Researchers at Duke’s Cancer Institute (DCI) and the Preston Robert Tisch Brain Tumor Center have made a remarkable discovery that may have direct implications on how solid cancerous tumors are successfully treated in the future. Their study entitled “Tetanus toxoid and CCL3 improve dendritic cell vaccines in mice and glioblastoma patients” tested an innovative theory that a tetanus shot may increase the effectiveness of a vaccine used to treat lethal brain tumors, leading to improved patient survival. The results were published this week in the journal Nature.
Background Terminology:
- Glioblastoma: Most common and highly aggressive form of glioma (brain cancer)
- Antigen: is any foreign substance such as viruses, that causes your immune system to respond by producing antibodies to get rid of it
- Dendritic Cells: also known as “antigen presenting cells” for their main function is to process antigen material and present it to immune system cells which initiates the appropriate response
- Cancer Vaccine: these vaccines are designed to work by activating specific immune system components (B cells) and directing them to recognize and target specific types of cancers by introducing certain antigens into the body
Progress in the successful treatment of glioblastoma has been gravely slow over the last decade. Patients diagnosed with this fatal disease are still most often given a timeline of less than 15 months to live, even with treatment.

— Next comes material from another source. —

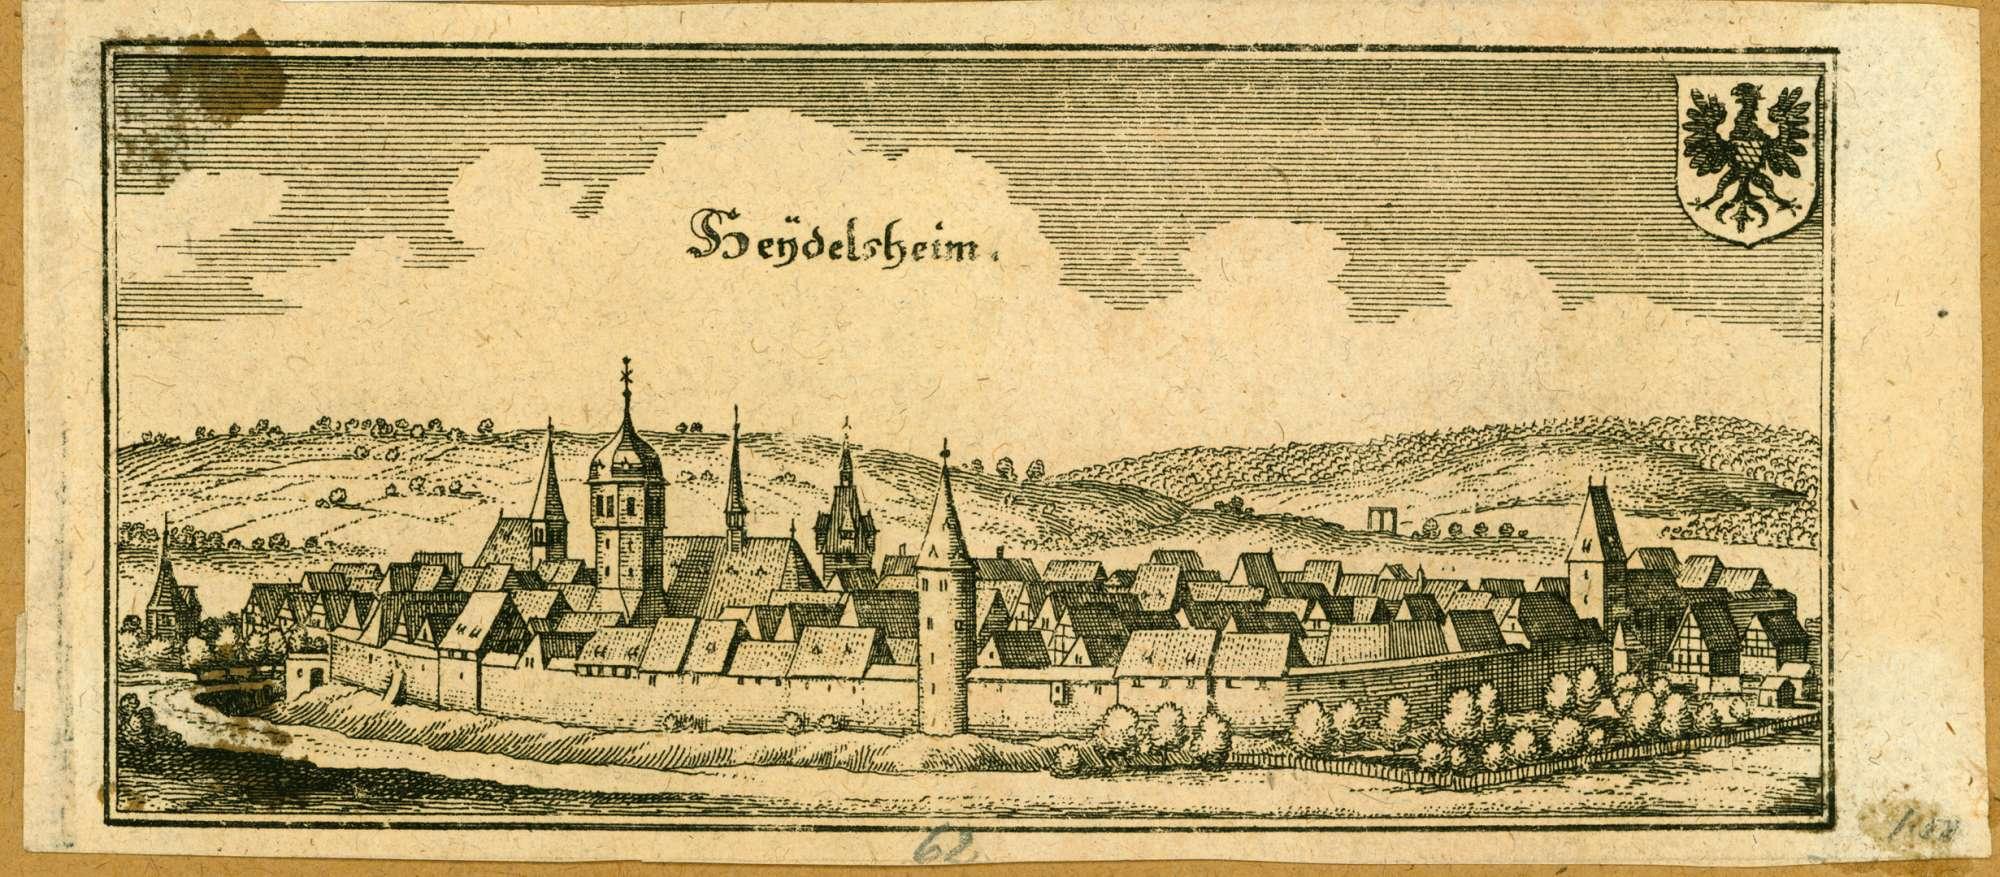 Heydelsheim, Bild 1

In recent years it was discovered that glioblastoma tumors harbor a strain of cytomegalovirus (CMV) that is not present in the surrounding brain tissue. This discovery redirected research to focus on using immunotherapy techniques to target this CMV antigen. One such technique is a therapeutic vaccine that injects dendritic cells directly into patients so they coax the immune system to search and attack the CMV saturated tumor. This technique worked well, but it has not had the significant impact on patient survival that researchers hoped for.
About This Study
The investigators devised a way to boost the inefficiencies observed when using the dendritic cell technique by conducting an experimental treatment using a tetanus vaccine booster to prime the immune system prior to administration of dendritic cells targeting CMV. They called this approach the “tetanus pre-conditioning technique,” and tested it in 6 patients with the following results:
- Patients given the tetanus shot showed a significant increase in survival from the time of pre-conditioning compared to patients receiving just the dendritic cell therapy, with half living from 51 to 101 months, compared to 11.6 months for patients who only received the dendritic cell treatment
- Two patients who received the tetanus shot survived for over 36 months
- One patient who received the tetanus shot has survived for over 8 years
- There were no significant side effects observed with the therapy
In a press release about the study’s remarkable findings, Dr. John H. Sampson, MD, PhD, MBA, MHSc, chief of neurosurgery at Duke and lead study author, stated “While dendritic cell vaccines have shown some promise in the treatment of patients with advanced cancers, including glioblastoma, the dynamics of this process have not been well understood. Our work identifies an immunologic interaction whereby recall responses to one antigen — tetanus — can influence the migratory capacity of dendritic cells loaded with different antigens – CMV…a way to enhance cancer vaccines which dramatically improves their efficacy without significant side effects.”
The authors do caution that these findings are from a small sample size of less than 10 patients receiving treatment and that confirmatory studies are warranted.
Commenting on the results, Kristen Batich, a Duke graduate student, neurosurgery candidate, and study co-author, exclaimed, “The tetanus shot “operated like a tornado warning siren and it was a great opportunity to use tetanus to sort of awaken the immune system.”
Duke is in the process of licensing the tetanus pre-conditioning vaccine technology to a North Carolina pharmaceutical company, Annias Immunotherapeutics Inc.
In a recent company press release, Dr. Reiner Laus, M.D., President and Chief Executive Officer of Annias Immunotherapeutics, Inc., stated, “We congratulate Dr. Sampson and his collaborators at Duke Cancer Institute and the Preston Robert Tisch Brain Tumor Center at Duke on their outstanding and very exciting work. This approach to treatment has the potential not only to improve therapy for patients with a highly lethal brain cancer, but also other solid tumor cancers including breast, colorectal and prostate cancers. Moreover, the discovery that preconditioning the immune system through vaccination to an unrelated antigen like tetanus can greatly increase the efficacy of a subsequently administered therapeutic vaccine offers the potential to dramatically improve all vaccination approaches.”